It is further illustrated below with example.
Extract expression formula 3:@(PD_PER | PD_POS) evaluation of@c_ commendations
Wherein, generic concept (c) has:
C_ commendations are evaluated:Very beautiful, produce are abundant, very clever.
Text 3:Although Wang Erni never has any formal schooling, but her son Zhang Fei is very clever.
Preposition locating rule is sky, using the first character of text 3 as starting position.Postposition locating rule is " c_ commendations
Evaluation ", " very clever " that can be matched in text 3, using this matched position as end position.According to starting position and end
Position, it may be determined that effective extraction region in text 3 is " although Wang Erni never has any formal schooling, but her son Zhang Fei ".
It is identified with the first model that PD is characterized in effectively extracting region, " Wang Erni " can be recognized, " opened
Fly ", respectively the two marks name label.The specified label carried with the PD in information extraction rules due to the type of the two
" _ PER " wants to match, so " Wang Erni ", " Zhang Fei " match, Ke Yicong with information extraction rules " (PD_PER | PD_POS) "
" Wang Erni ", " Zhang Fei " the two character strings are extracted in text 3.
Optionally, the spacing distance between rule and information extraction rules can be determined with limited area.
For example, extracting expression formula 4:@(PD_PER | PD_POS) evaluation of@{ 0,2 } c_ commendations
Wherein, region determines that " { 0,2 } " in rule indicates that the name extracted or place name are evaluated with generic concept c_ commendations
Spacing distance between matched position is 0-2 character.
Text 3 above-mentioned is continued to use, due to " Wang Erni " although information extraction rules can be matched, itself and " very clever "
Between spacing distance be more than 2 characters;Spacing distance between " Zhang Fei " and " very clever " is 0 character, so only from
" Zhang Fei " this character string is extracted in text 3.
Referring to FIG. 7, in the second embodiment, providing a kind of information extraction method, including the step of following S500-S800
Suddenly.
S500:It obtains the text of information to be extracted and extracts expression formula, the extraction expression formula includes that region determines rule
And information extraction rules, include Statistical Operator in described information decimation rule, the Statistical Operator characterization is for identification in text
Name entity and/or interdependent ingredient statistical model.

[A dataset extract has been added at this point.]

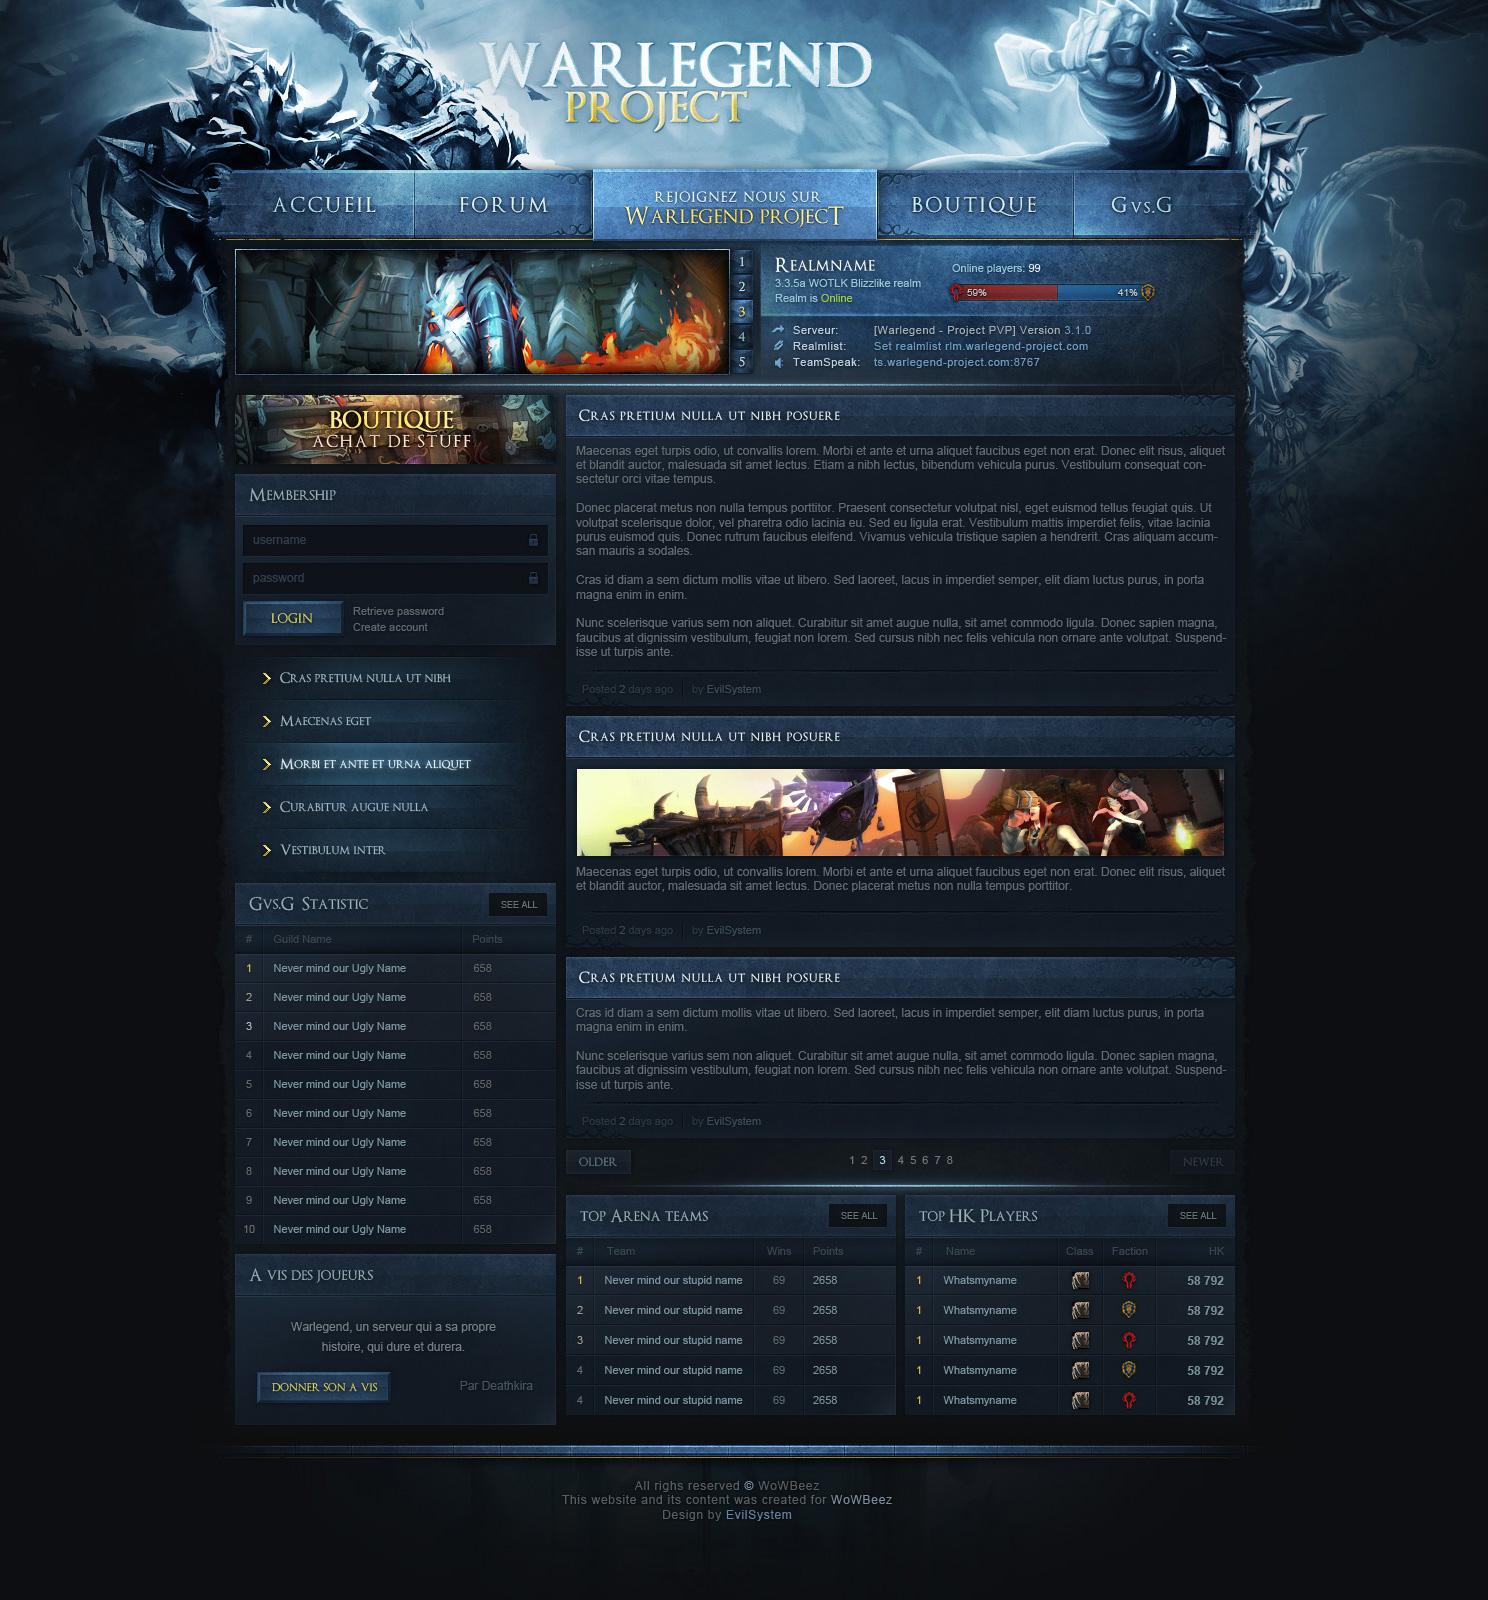 Warlegend Project - WOTLK Web Design by Evil-S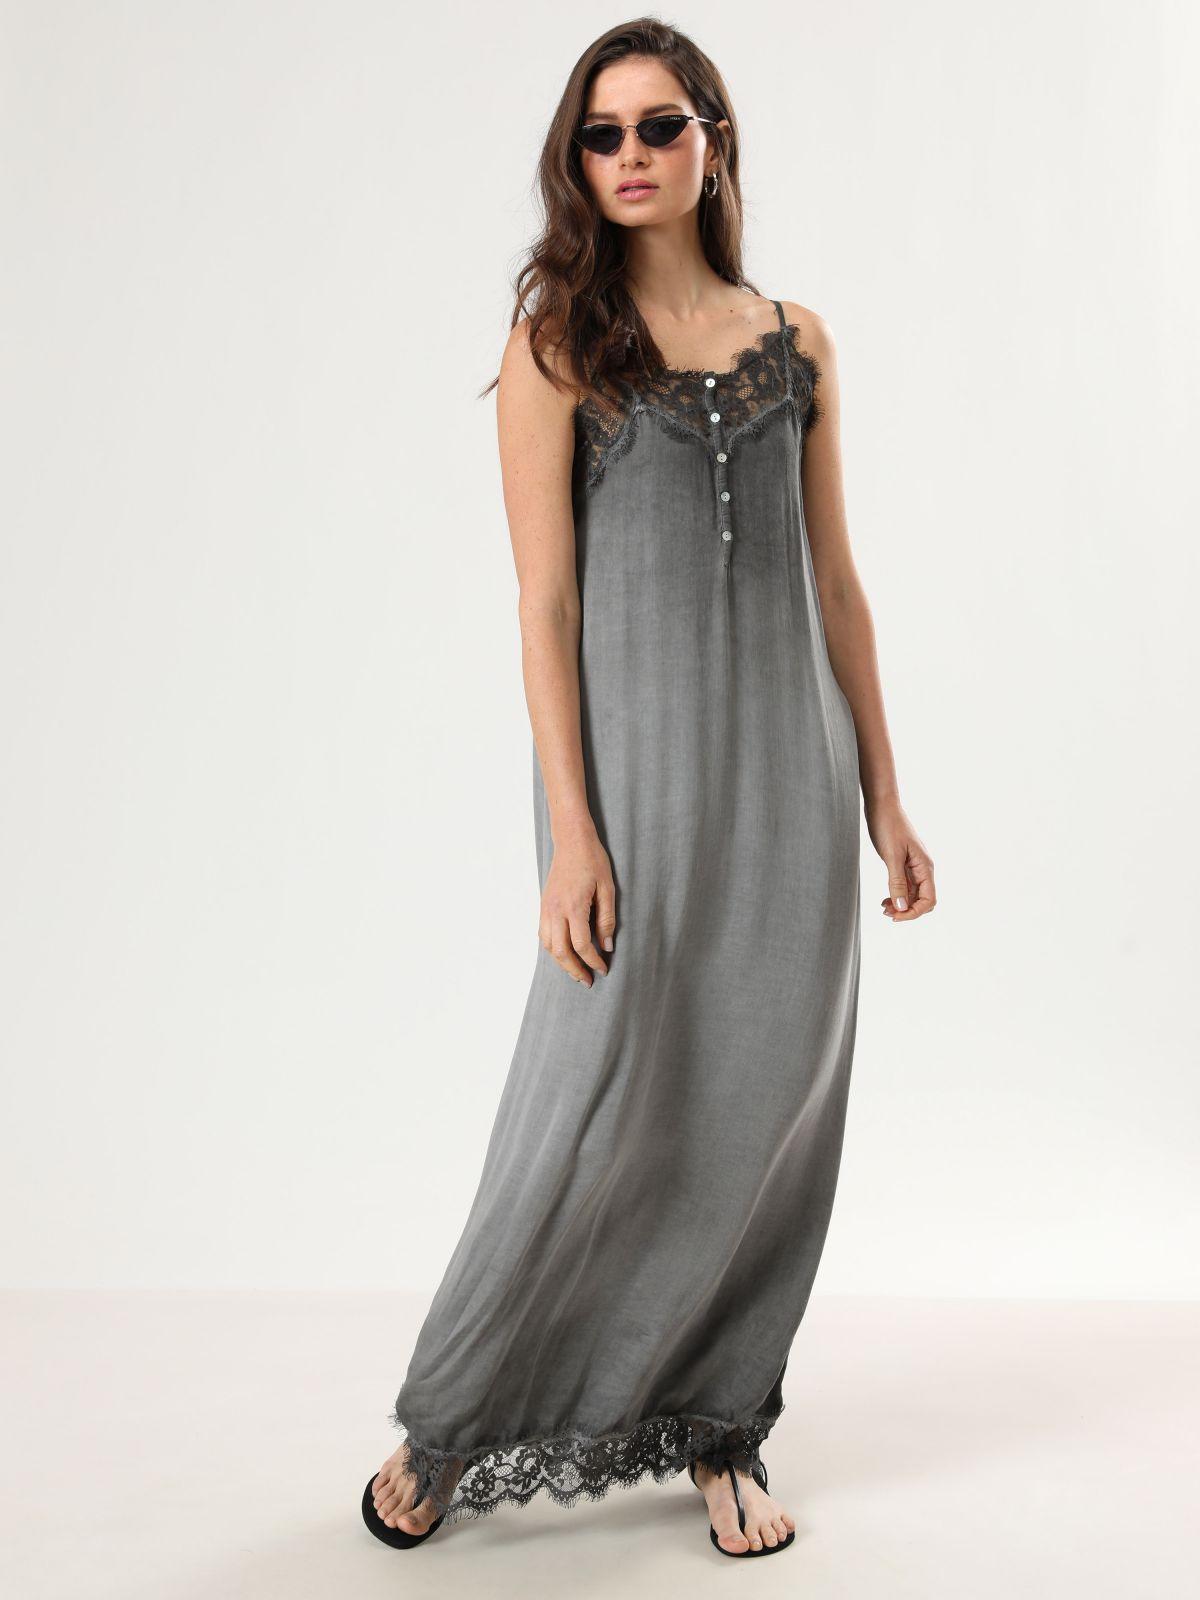 שמלת טאי דאי מקסי בשילוב תחרהשמלת טאי דאי מקסי בשילוב תחרה של TERMINAL X

S600:Name entity and/or interdependent ingredient in the text are identified using statistical model, for the name identified
Entity and/or interdependent ingredient mark corresponding identification label respectively.
S700:Determine that rule determines effective extraction region in the text using the region.
S800:Using the identification label, extracted and described information decimation rule from effective extraction region
The character string matched.
The text of information to be extracted in step S500, interdependent ingredient, Statistical Operator, extracts expression formula etc. at name entity
Description can refer to the associated description of S100 steps in one embodiment, and details are not described herein again.The area of this step and S100 steps
It is not, in the extraction expression formula obtained in this step, information extraction rules contain Statistical Operator, and region determines in rule
It may include also not including Statistical Operator.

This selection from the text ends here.